» **SOURCE RECORDS**
★ ★ ★ ★

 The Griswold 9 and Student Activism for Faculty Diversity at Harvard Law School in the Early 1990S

★ ★ ★ ★

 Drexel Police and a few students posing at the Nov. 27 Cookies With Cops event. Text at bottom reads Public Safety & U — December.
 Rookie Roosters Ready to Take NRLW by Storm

★ ★ ★ ★

» **WHAT YOU HAVE TO DO**
Above are some records; copy exactly the lines from the one with "Drexel Police and" through the one with "Rookie Roosters Ready to Take NRLW by Storm", both included, and no others.

» **EXPECTED OUTPUT**
 Drexel Police and a few students posing at the Nov. 27 Cookies With Cops event. Text at bottom reads Public Safety & U — December.
 Rookie Roosters Ready to Take NRLW by Storm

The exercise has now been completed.